Catatan ini kutulis pada hari terakhir anakku di SMP-nya. Sebenarnya ini bukan tentang proses 3 tahun saja melainkan perjalanan panjang pendidikan dasar anakku sejak bangku SD. Tulisan ini semacam upaya menyimpan kenangan saja sehingga jangan dibaca dengan sudut pandang rumit dan kening berkerut. Ini cuma catatan seorang emak pada hari terakhir anaknya bersekolah di SMPIT Nurul Fikri Banjarmasin.
3 Tahun yang Lalu
“Yang sekolah aku atau Mama sih?”
Aku tidak akan lupa kalimat andalan yang keluar dari mulut anakku saat itu. Kalimat
itulah yang membungkam mulutku sehingga tidak lagi mampu mengeluarkan segala
macam bantahan. Akupun teringat saat aku seusianya, rasanya aku tidak seberani dia memutuskan sendiri ingin sekolah apa.

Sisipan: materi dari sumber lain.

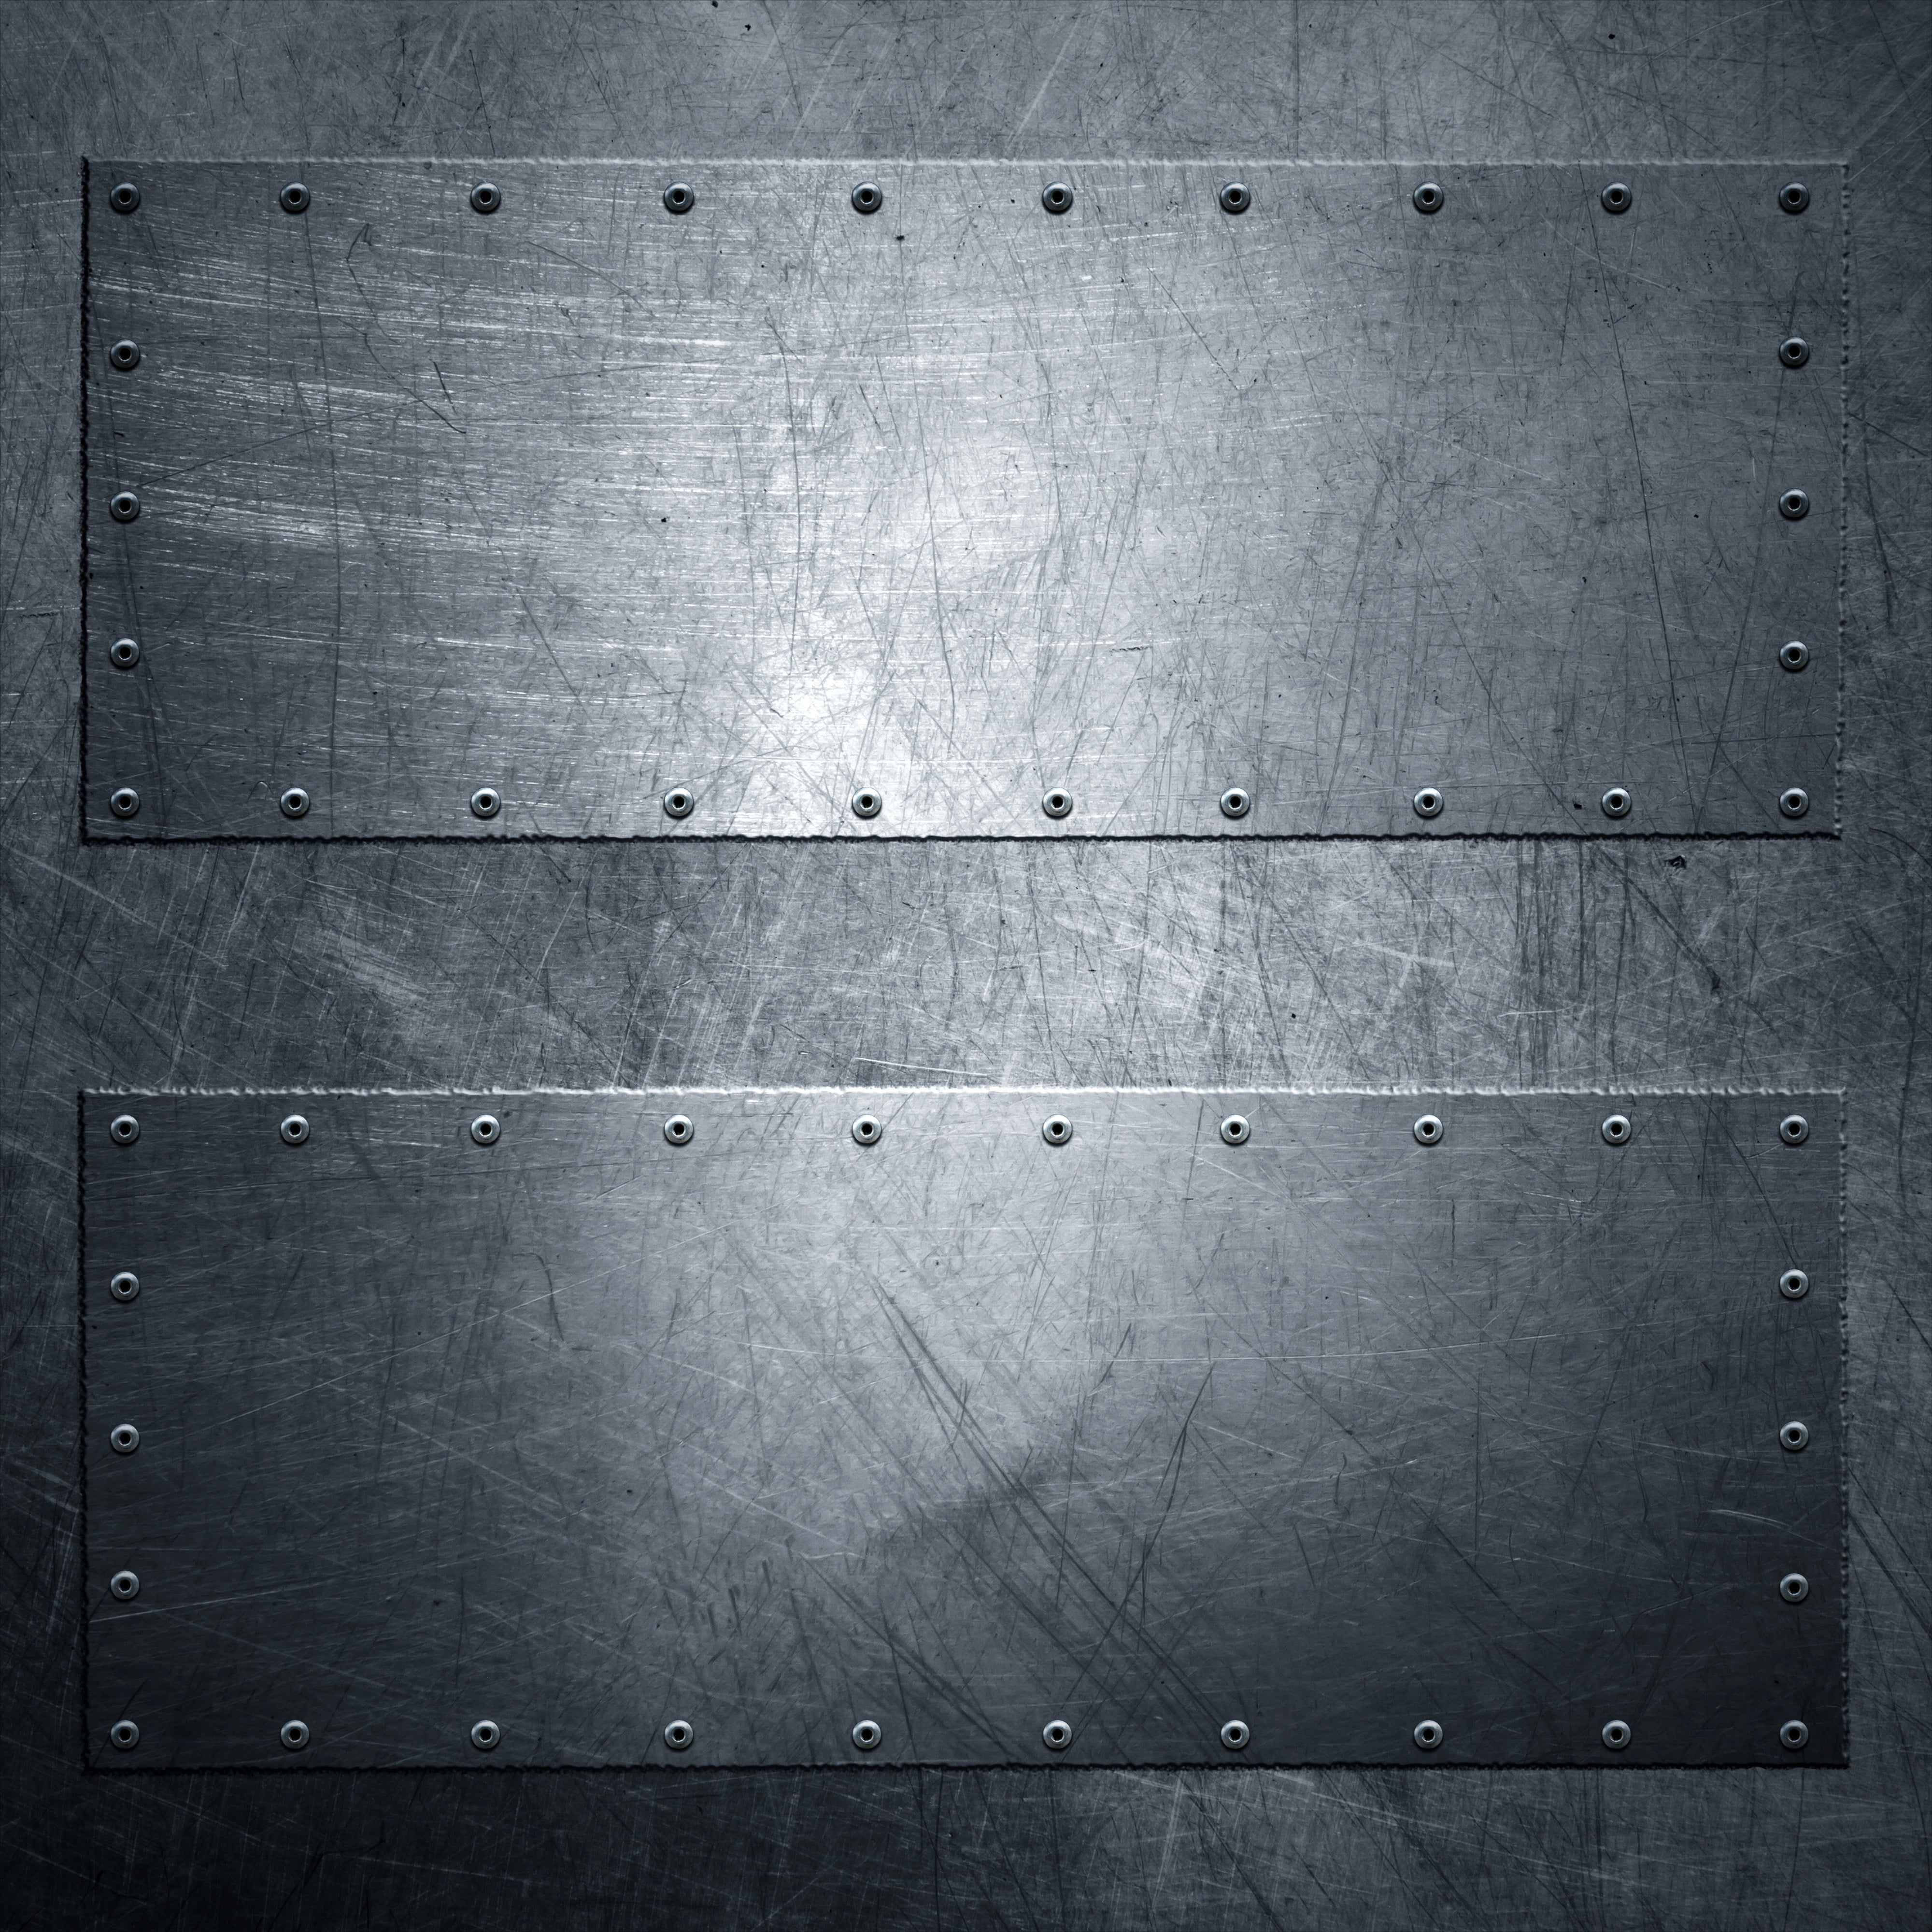 two rectangular gray platforms, metal, texture, grunge, rivets

“Baiklah, kau boleh memilih sekolah manapun sesukamu dengan satu syarat, sekolah
tersebut menjamin kerudungmu aman dari segala gangguan dan ancaman.” Akhirnya
hanya itu yang mampu kuucapkan.
Lalu betapa bersyukurnya aku pagi itu, hari terakhir pendaftaran SMPIT
Nurul Fikri anakku memutuskan untuk mendaftar di sana, melanjutkan kembali masa
belajarnya setelah sebelumnya SD juga di sana. Betapa bangganya aku, dia mengurus pendaftaran sendiri. Aku tinggal datang saat tes wawancara
orangtua/wali murid.
3 Tahun yang Penuh
Makna
“Ma, berangkat...,” pamitnya. Setiap
pagi aku melepasnya dengan doa sambil tak henti mengucap syukur melihat dia berangkat sekolah dengan kerudung rapi menjuntai khusyuk. Baju kurung sepaha,
rok lebar, manset, ciput, celana panjang dalaman, kaos kaki, tas ransel yang
ditaruh dalam kerudung lebar, semua tak pernah luput dari pandanganku. Meski kadang
ada desir cemas di hatiku, akankah itu semua akan tetap menjadi identitasnya ketika kelak dia tidak lagi menjadi murid di sekolah yang sekarang? Aku tahu
persis bagaimana lingkungan dapat mempengaruhi seseorang dan betapa seseorang
itu tergantung pada siapa ia berteman.
Tiga tahun ini, ah tidak, bahkan sejak SD aku telah berhutang banyak pada
para guru alias ustadz dan ustadzah terkait konsistensinya menutup aurat. Hutang yang tidak akan pernah
bisa aku lunasi sekalipun dengan seluruh materi yang kupunya.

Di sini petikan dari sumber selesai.